*GIVEN DATA*:
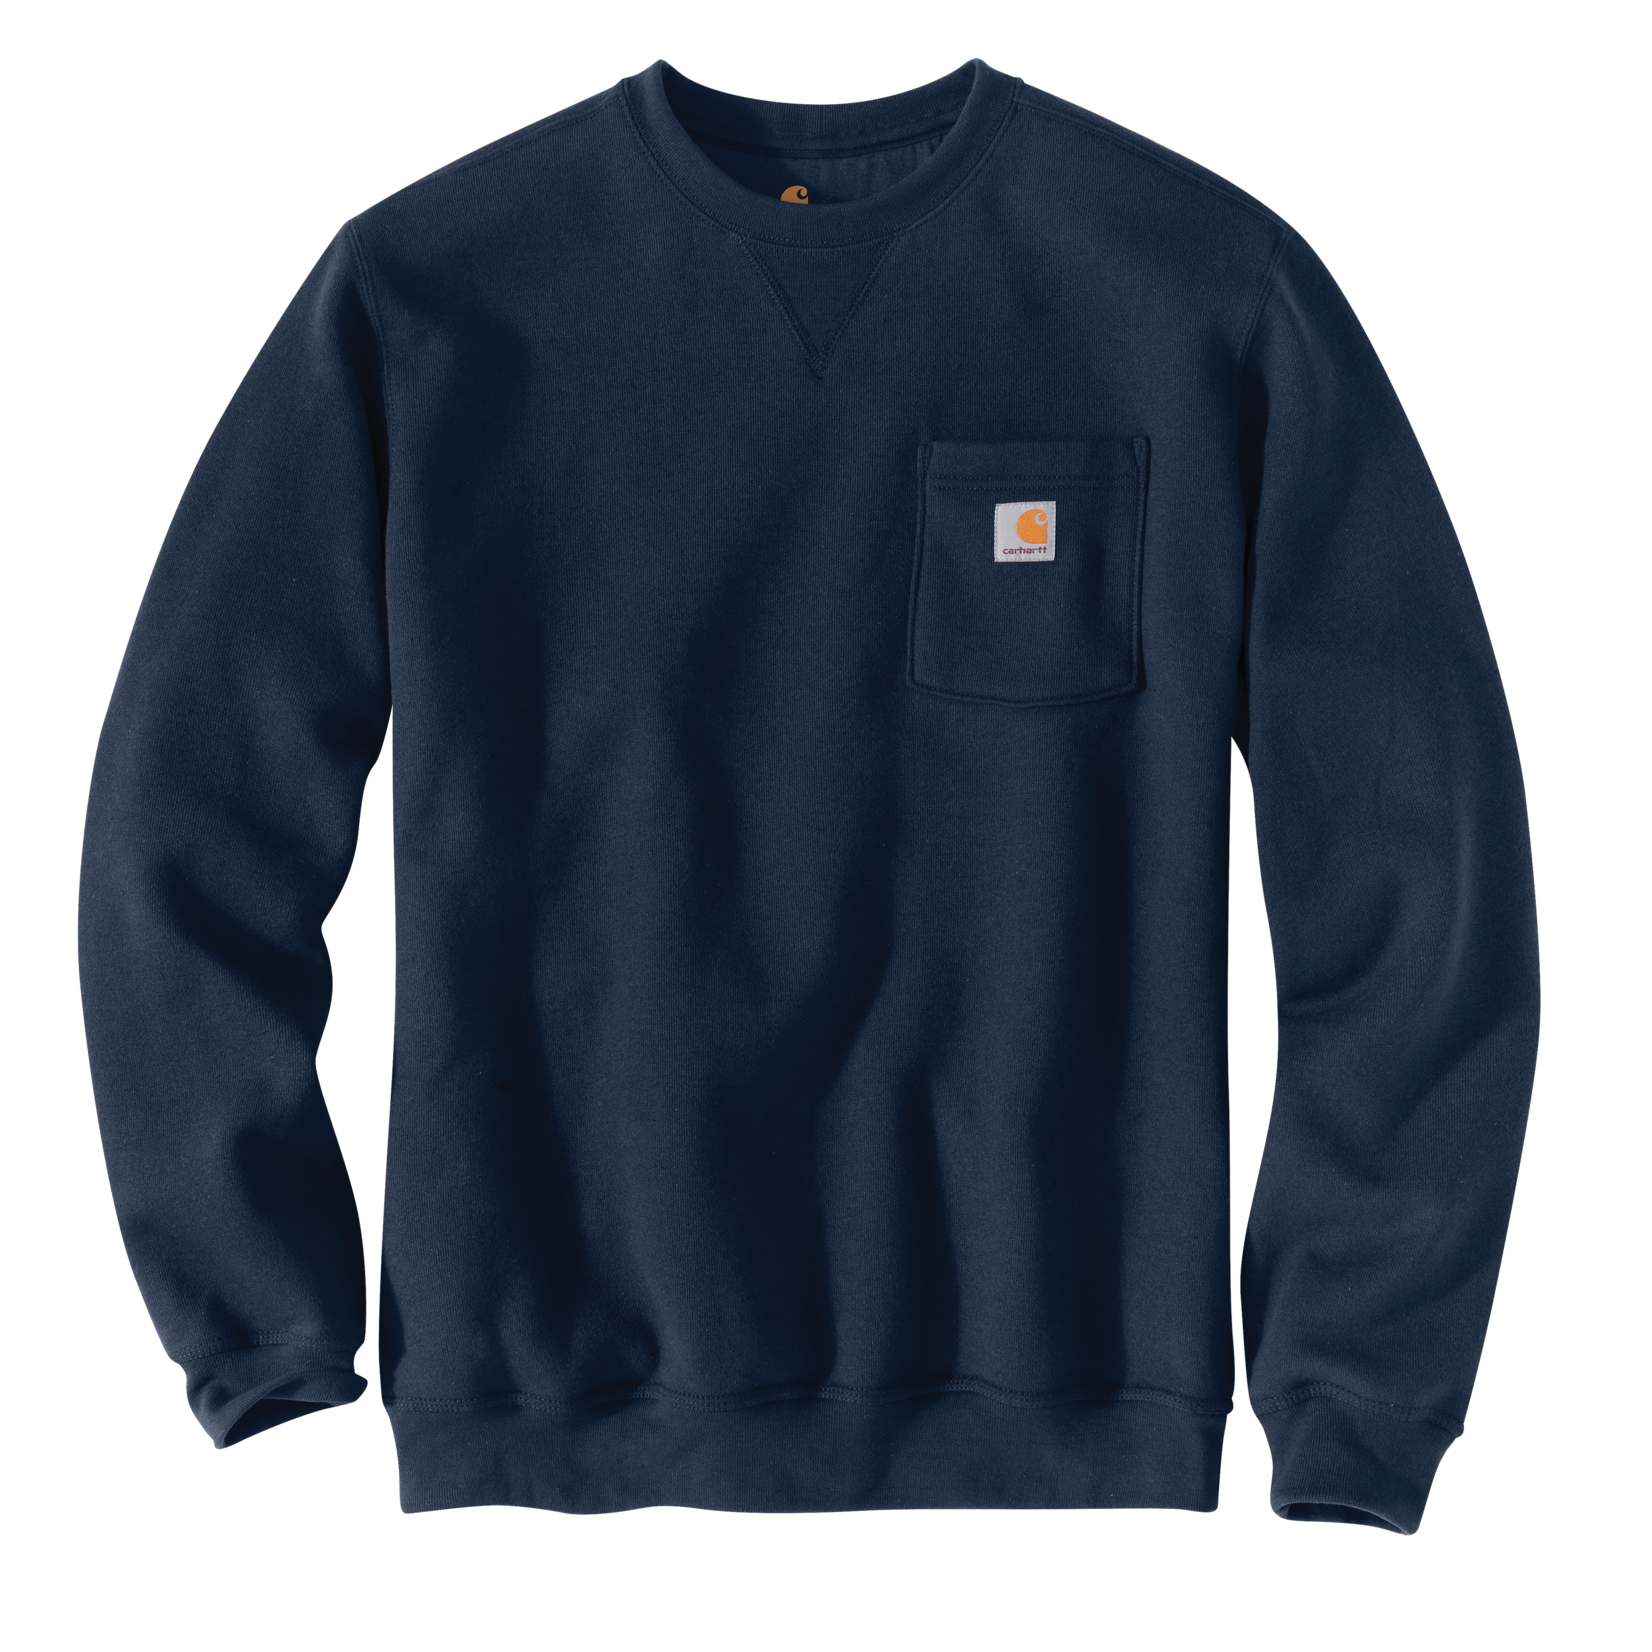 Carhartt Carhartt 103852 Loose Fit Midweight Crewneck Pocket Sweatshirt - 472 New Navy
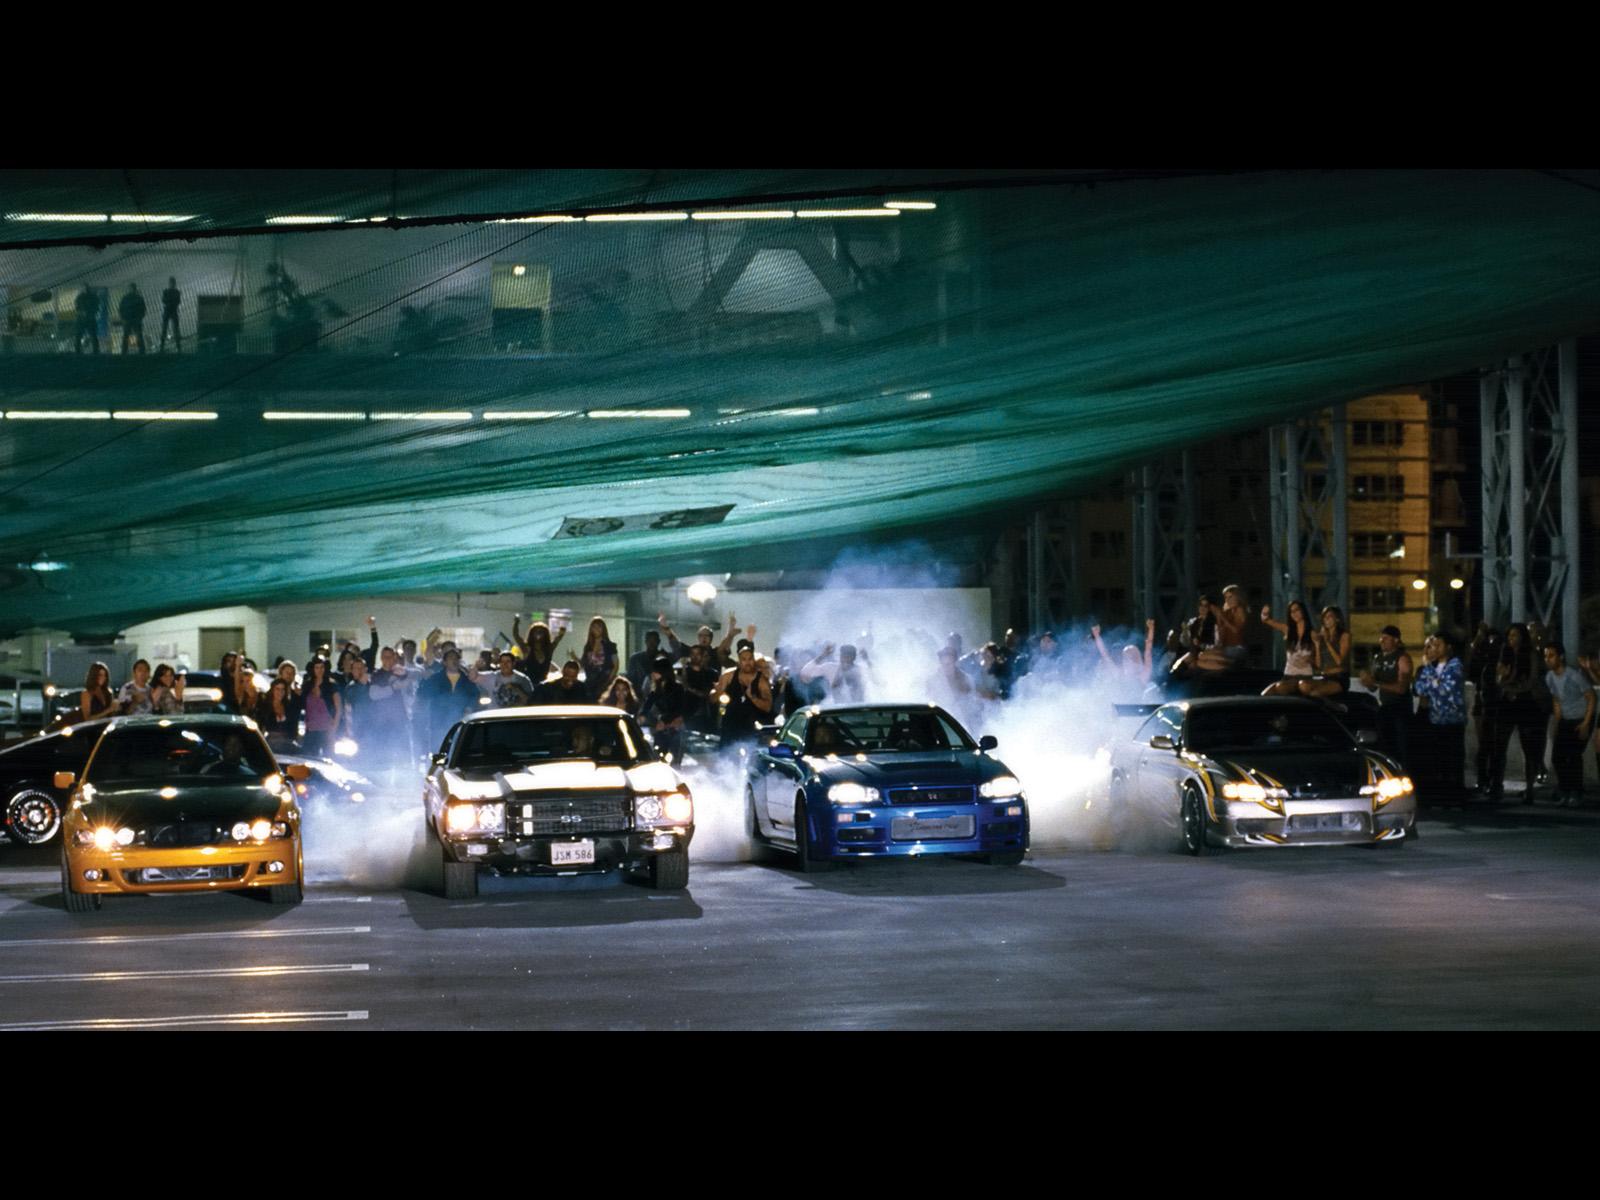 Fast And Furious Movie Cars Race 1600x1200jpg 1600x1200
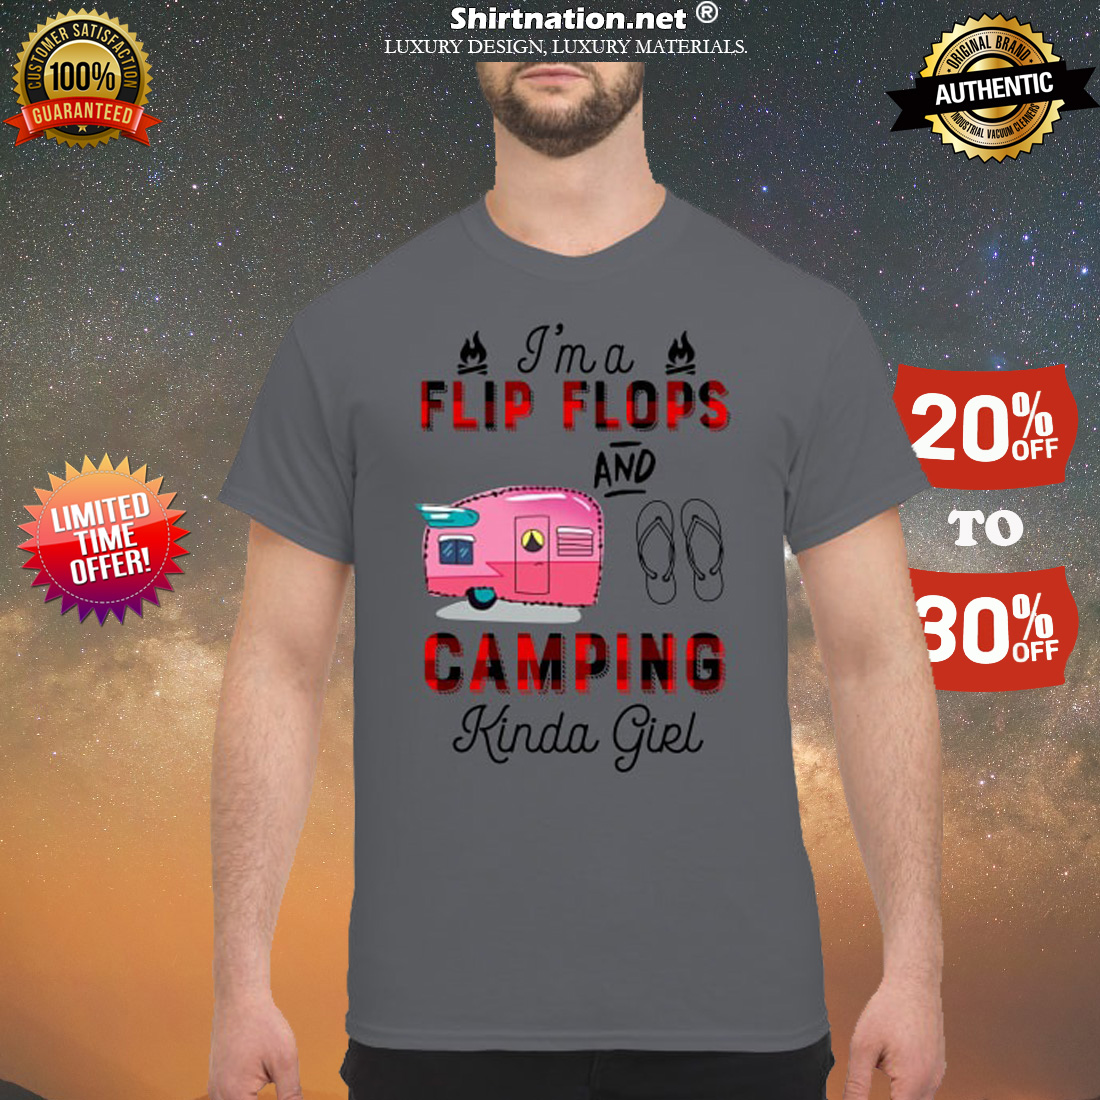 I'm a flip flops and camping kinda girl classic shirt

*WHAT THE TASK ASKS*:
Repeat the material exactly. Skip the images.

*ANSWER SPACE*:
 Carhartt Carhartt 103852 Loose Fit Midweight Crewneck Pocket Sweatshirt - 472 New Navy
 Fast And Furious Movie Cars Race 1600x1200jpg 1600x1200
 I'm a flip flops and camping kinda girl classic shirt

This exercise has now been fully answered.